A section of the committee of creditors (CoC) of the beleaguered Deccan Chronicle Holding Limited (DCHL) is wary over the alleged behind-the-scenes attempts by the company’s promoters to stage a backdoor entry, as the media group is all set to change hands through the ongoing insolvency proceedings of the National Company Law Tribunal (NCLT). As per the original version of Insolvency and Bankruptcy Code 2016, the promoters of a bankrupt company were barred from participating in the restructuring of assets process, however, the subsequent amendments made some concessions to the owners to join the bids process, if it helps rescue the company. In case of DCHL, the promoters face a clutch of criminal cases and CBI probe too.
Inordinate delay in completion of the process to find new owners or management and the entry of new players as guaranteed creditors claiming charge on the assets of the bankrupt company and the inability of the Insolvency Resolution Professional (IRP) raise scope for suspicion that the present promoters are still trying to regain control over their company after enjoying a massive haircut on their debts.
A chief officer of a public sector bank that lent around Rs 280 crore to DCHL that runs the Deccan Chronicle English daily newspaper, among a few other publications across the country, told Sources on Friday that the happenings in the last few weeks give room for doubt about some foul play and the same would be discussed at the forthcoming CoC meet.

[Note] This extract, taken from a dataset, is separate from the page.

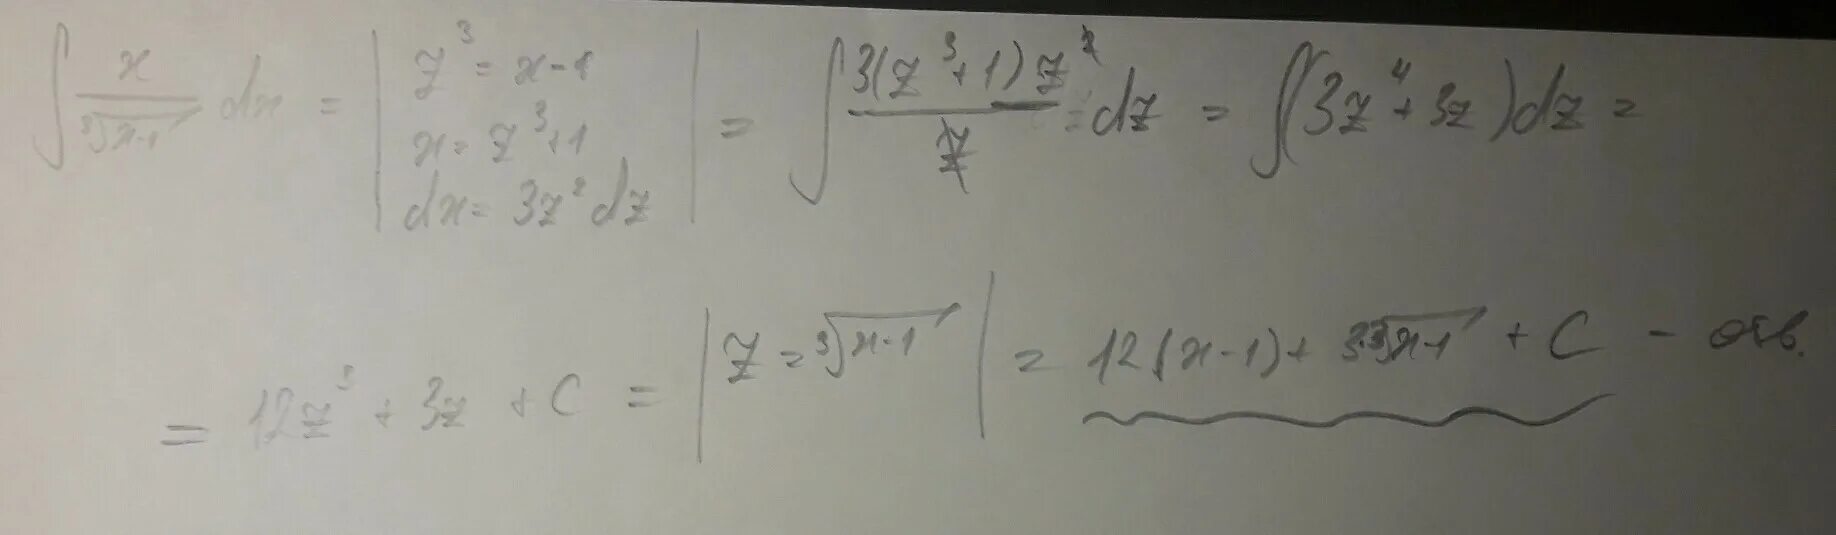 DX/1+корень x. S DX/(1-2x)3. Корень x - 1/корень x DX. Интеграл корень 3 степени из x.

DCHL owners T. Venkattram Reddy and his brother T. Vinayak Ravi Reddy have maintained that the company still generates reasonably well cash collections through advertising revenues of the newspapers that owe around Rs 6,500 crore to many banks and other financial institutions, besides facing criminal charges of forgery, fraud, wilful default, etc.
As none of the bidders who had submitted their filled in documents of the IRP Mamata Binani are learnt to have quoted the price that covers the total debt of DCHL, it is obvious that the CoC is set to take a substantial haircut (in simple language foregoing their money).
The highest bidder, according to sources, is believed to have quoted a price around Rs 850 crore to acquire the 80-year-old media company.
As per the original schedule drawn up by the insolvency proceedings launched by the public sector Canara Bank, which leads the 18-member CoC, the process of finding a new management and owners should have been completed within 180 days, by 12 April 2018. However, due to some technical delays, the process has been extended by another 80 days, to 10 July.
However, the Hyderabad bench of NCLT, which is hearing two more petitions seeking the status of secured creditors in the case, posted the case till 17 July, well beyond the deadline to complete the process.
The two petitioners, Karvy Financial Services Limited and Sujana Trading Company, both Hyderabad-based, have sought to be involved in the restructuring of DCHL assets.
Already, a similar outsider of CoC, India Bulls, which lent around Rs 174 crore to DCHL and auctioned the residential properties of the Reddys, too, petitioned the NCLT and was granted permission to become a secured creditor in the case.
At least two bankers—one private and a public sector one—are planning to raise certain issues before the creditors’ meet next week on the twists and turns in the case over the last six months. For example, these bankers are shocked over the sudden resignation of the counsels of IRP who argued against Karvy and Sujana being clubbed into the creditors’ list before the NCLT.
The abrupt exit of the counsels gives scope that they must have been pressurised by some forces—presumably the present promoters—to delay the process and thus scuttle the process of restructuring by handing over the company to new owners.
These bankers are expected to take along all other members of CoC in minimising the haircut as well as keeping away the present promoters’ criminal charges.